Without any of the pictures, transcribe all the lines below exactly.

* [Data]:
•••

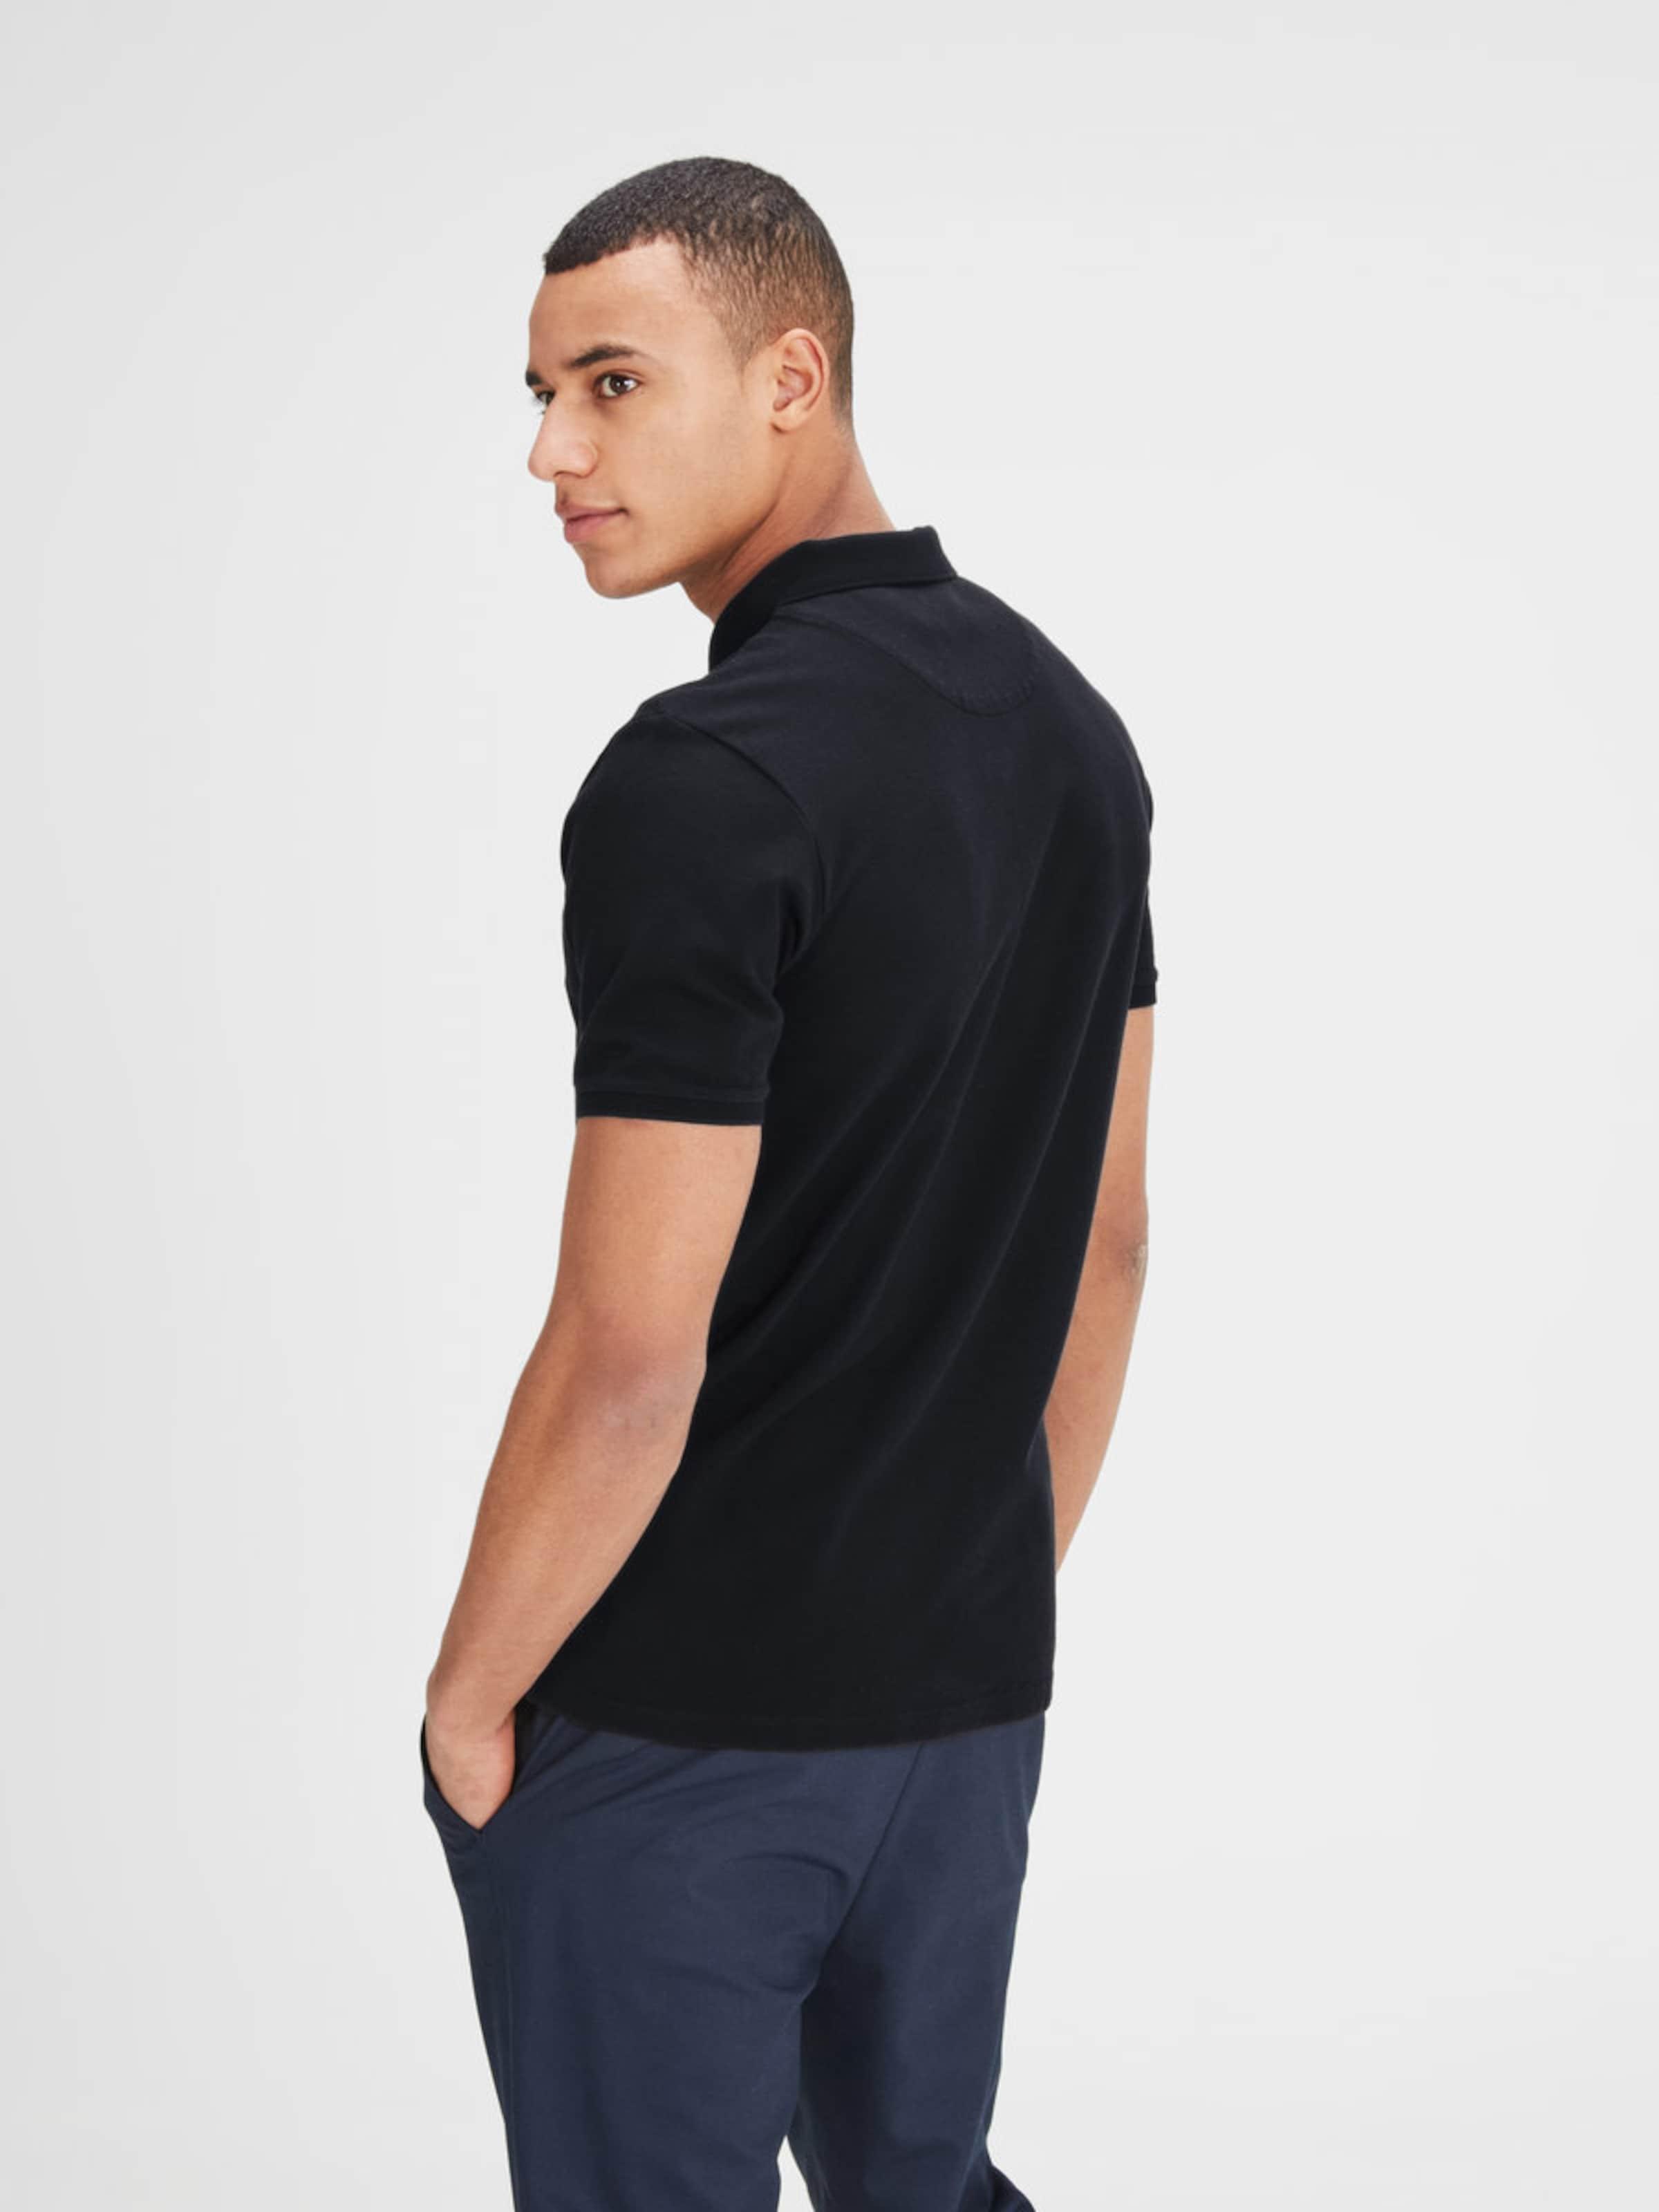 Mode Online-Verkauf JACK & JONES Poloshirt Lässiges Günstig Kaufen Fabrikverkauf Guter Service Freies Verschiffen Besuch Neu tOk76D
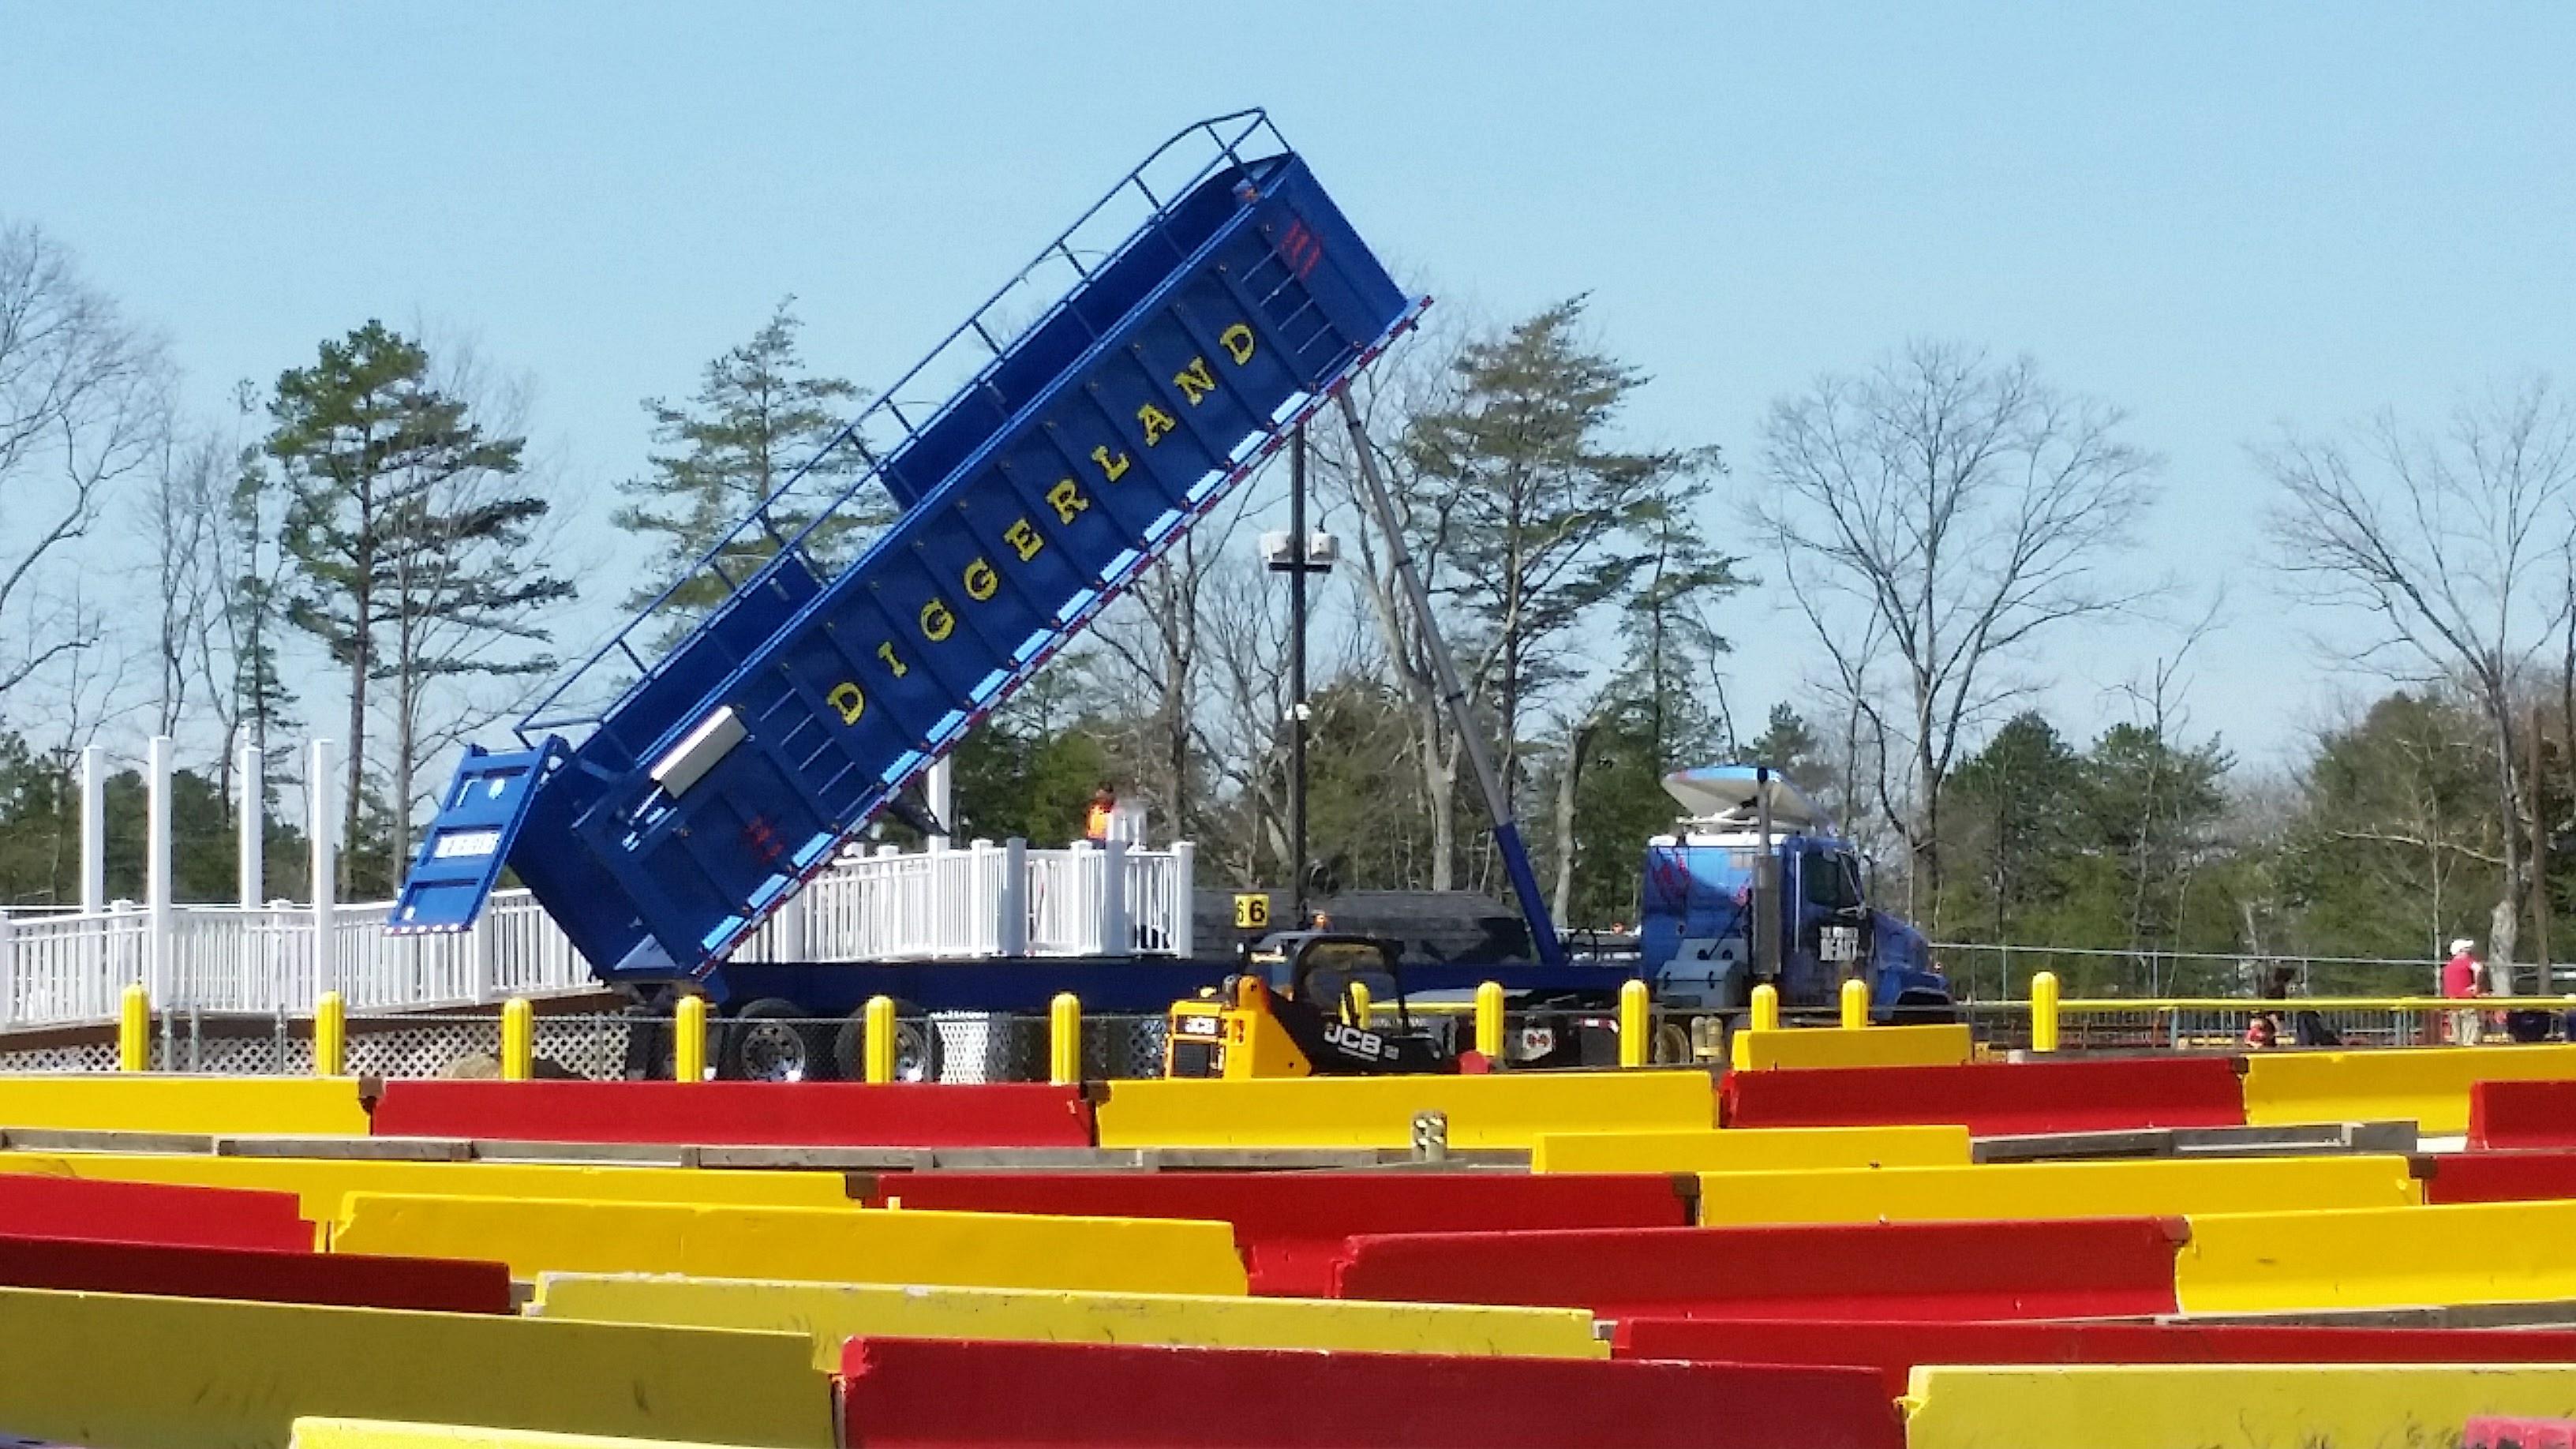 Giant dump truck at Diggerland USA theme park
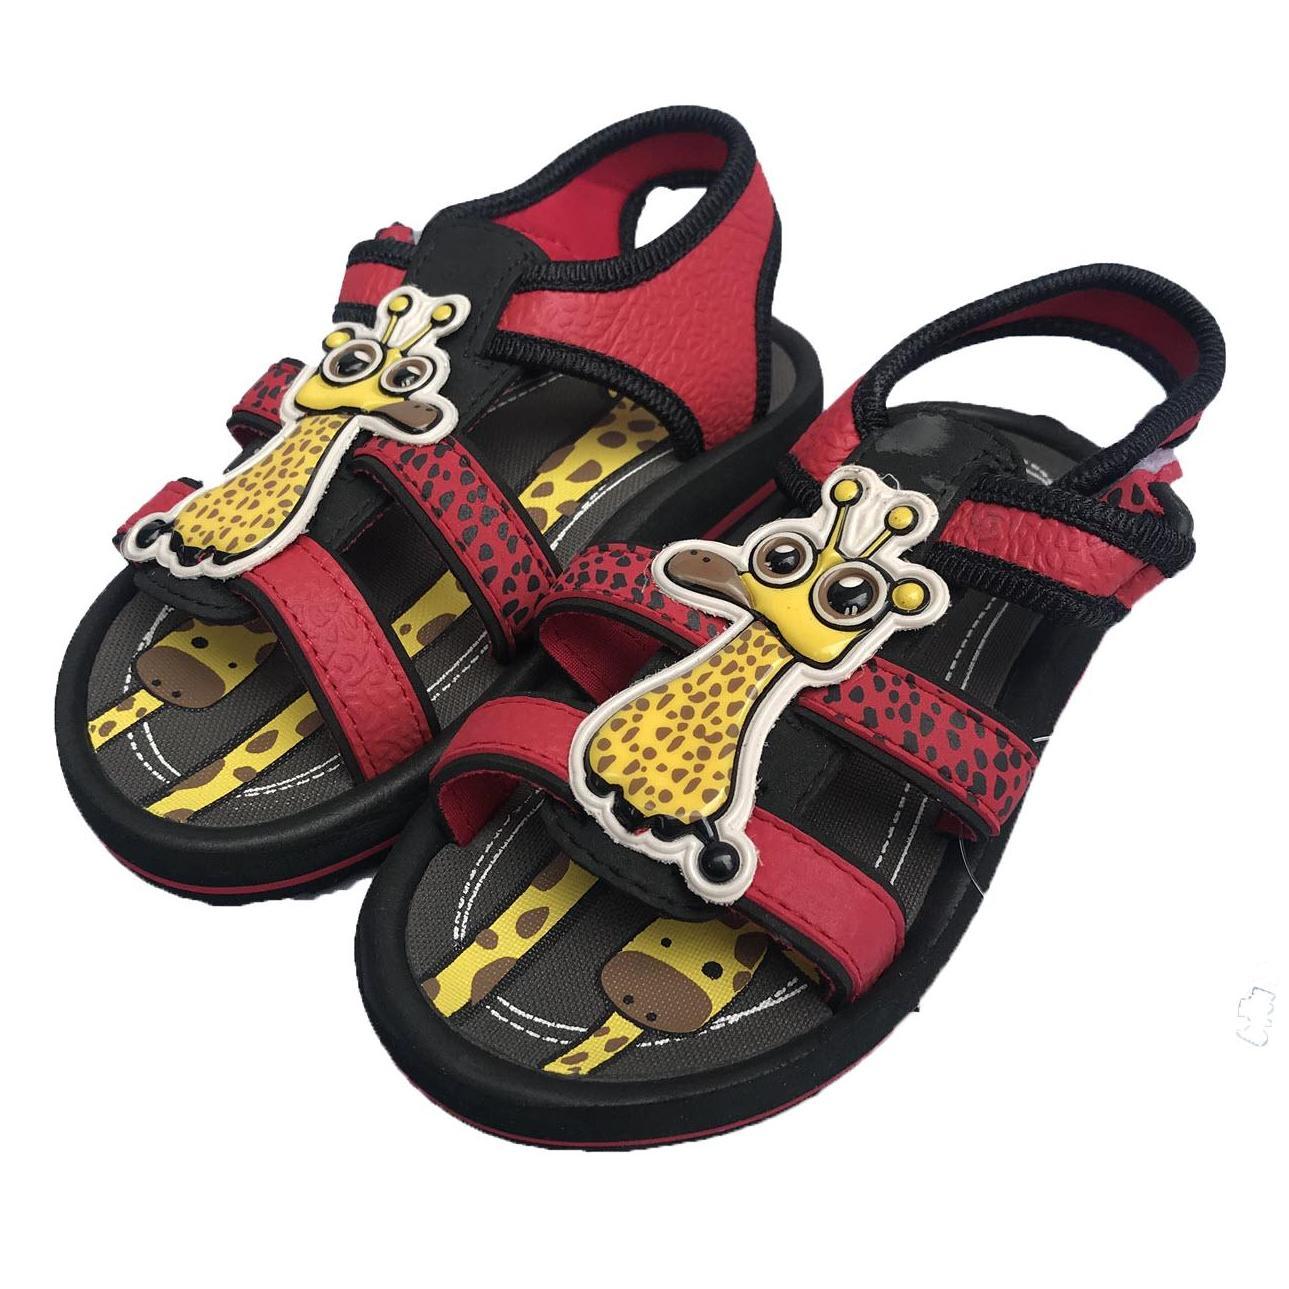 Giày Sandal bé Trai Biti's SXB009255DEN

•••

* [Exercise answer]:
 Mode Online-Verkauf JACK & JONES Poloshirt Lässiges Günstig Kaufen Fabrikverkauf Guter Service Freies Verschiffen Besuch Neu tOk76D
 Giant dump truck at Diggerland USA theme park
 Giày Sandal bé Trai Biti's SXB009255DEN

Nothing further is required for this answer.